Bryconops imitator
- Conservation status: Near Threatened (IUCN 3.1)

Scientific classification
- Kingdom: Animalia
- Phylum: Chordata
- Class: Actinopterygii
- Order: Characiformes
- Family: Iguanodectidae
- Genus: Bryconops
- Species: B. imitator
- Binomial name: Bryconops imitator Chernoff & Machado-Allison, 2002

= Bryconops imitator =

- Authority: Chernoff & Machado-Allison, 2002
- Conservation status: NT

Species of fish

Bryconops imitator is a species of freshwater ray-finned fish belonging to the family Iguanodectidae. This species is found in the rivers of South America. It is a small, silvery fish with a bright red tail fin that is known to eat invertebrates, like insects and freshwater zooplankton.

It gets the specific epithet "imitator" from its strong resemblance to another member of the genus, Bryconops colaroja; however, there are subtle differences in bone structure, color, and other traits that allow for differentiation. B. imitator and B. colaroja otherwise share many visual similarities that make them easy to confuse.

== Description ==
Bryconops imitator usually reaches 7.8 cm (3.1 in) in standard length. This places it close to the middle of the length range for Bryconops as a whole. Its scales are generally silver with a hint of emerald-green, and one of its most distinguishing features is a bright-red tail, a trait it only shares with B. colaroja (which was named for its tail; cola- means tail and -roja means red). The fact that B. imitator and B. colaroja are the only two members of Bryconops - and, in fact, two of very few tetras in general - to have this specific trait is one of the reasons that B. imitator went unrecognized as long as it did.

Even upon a relatively close inspection, B. imitator is easy to confuse with B. colaroja, but several differentiating facets exist. These involve features as subtle as where scales form new rows on the body; the rows of B. imitator's scales split at the seventh scale in the mid-dorsal scale row, but the rows of B. colaroja's scales split after the 5th and the 8th scale. Differences in body shape are easier to see. B. imitator has a slightly more arched predorsal region, and a thinner caudal peduncle (the joint where the tail fin attaches to the body).

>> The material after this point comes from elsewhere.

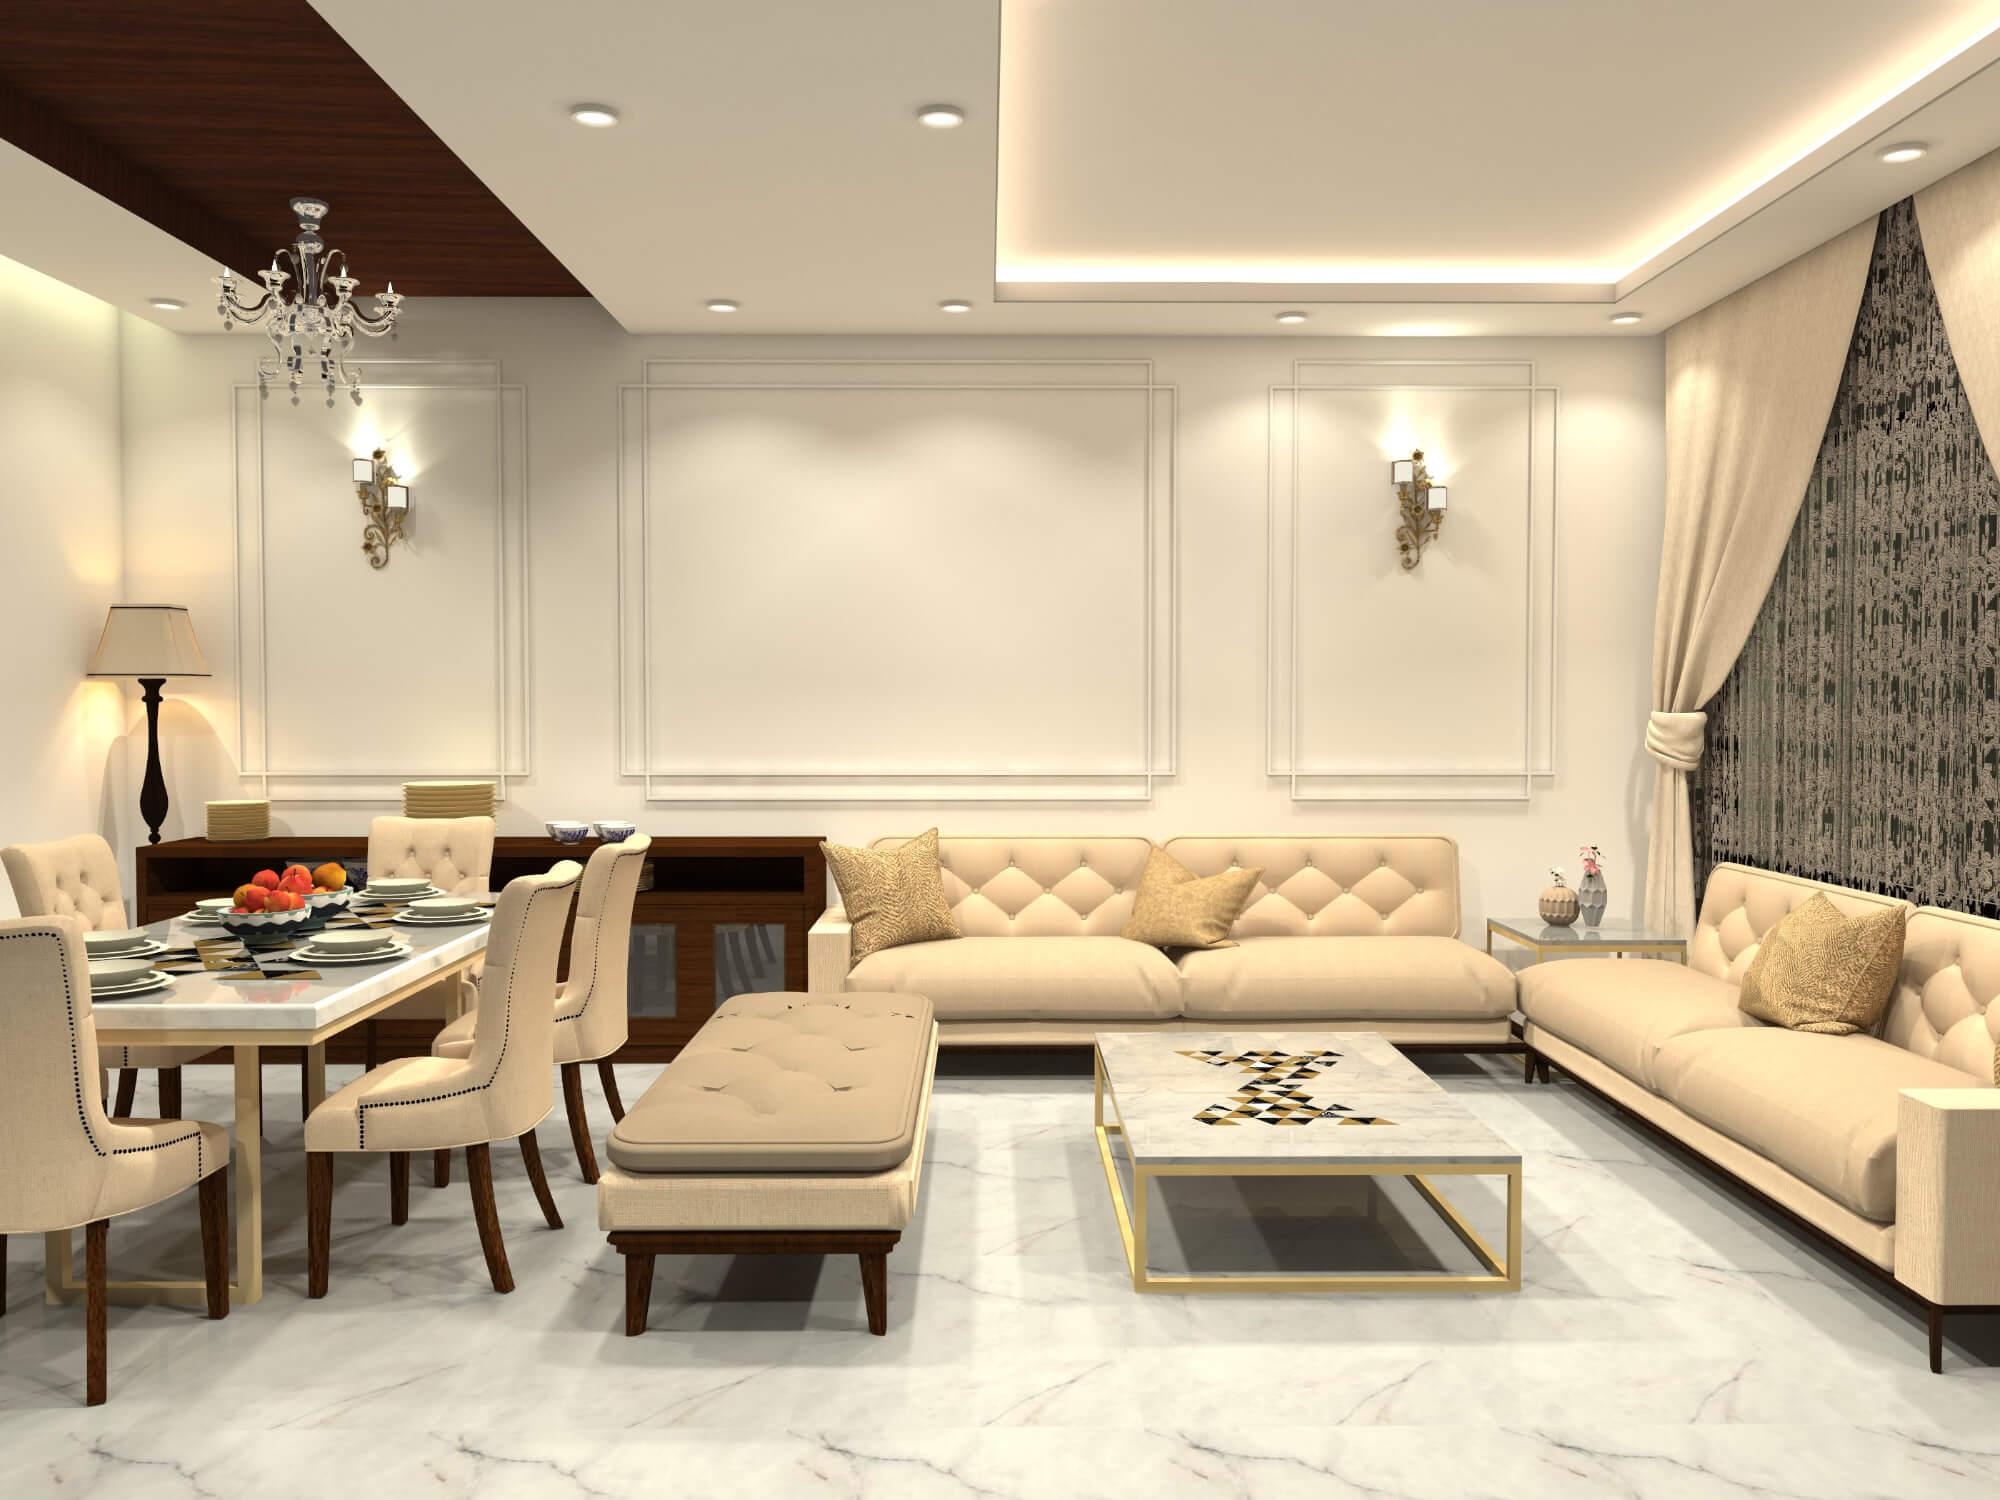 The Retirement Home - Sahiba's Designer Studio - Best Interior Designer In Jaipur - Projects

Bryconops imitator has several differences in coloration that set it apart from other related species, not just B. colaroja. It lacks a humeral spot, a mark above the pectoral fin in some fish (including many Bryconops), and has no increase in pigmentation in the eye and cheek region. The lobes of its caudal (tail) fin are equal in length, and it lacks the caudal ocellus (eyespot) seen in plenty of its congeners. It also has no band of pigment at the base of its anal fin, and this specifically differentiates it from B. colanegra, which has an exaggerated stripe on its anal fin base.

== Taxonomy ==
Bryconops imitator has been considered a member of Bryconops since its designation in 2002 by Chernoff & Machado-Allison. Bryconops consists of two subgenera, Bryconops and Creatochanes, and B. imitator is considered a member of Creatochanes; hence, its full scientific name is Bryconops (Creatochanes) imitator. Members of Creatochanes are classified based upon having at least one tooth, up to three, in both sides of the maxillary bone.

While this cannot be quantified from external observation alone, the denticulation of the gill rakers (how many denticles, or toothlike protrusions, the gill rakers have) can also play a part in classification. B. imitator's gill rakers, while perhaps the least denticulated amongst comparable species, still bear the right similarities to place it in a clade within its subgenus; this clade consists of Bryconops melanurus|B. melanurus, B. colaroja, B. colanegra, and B. imitator.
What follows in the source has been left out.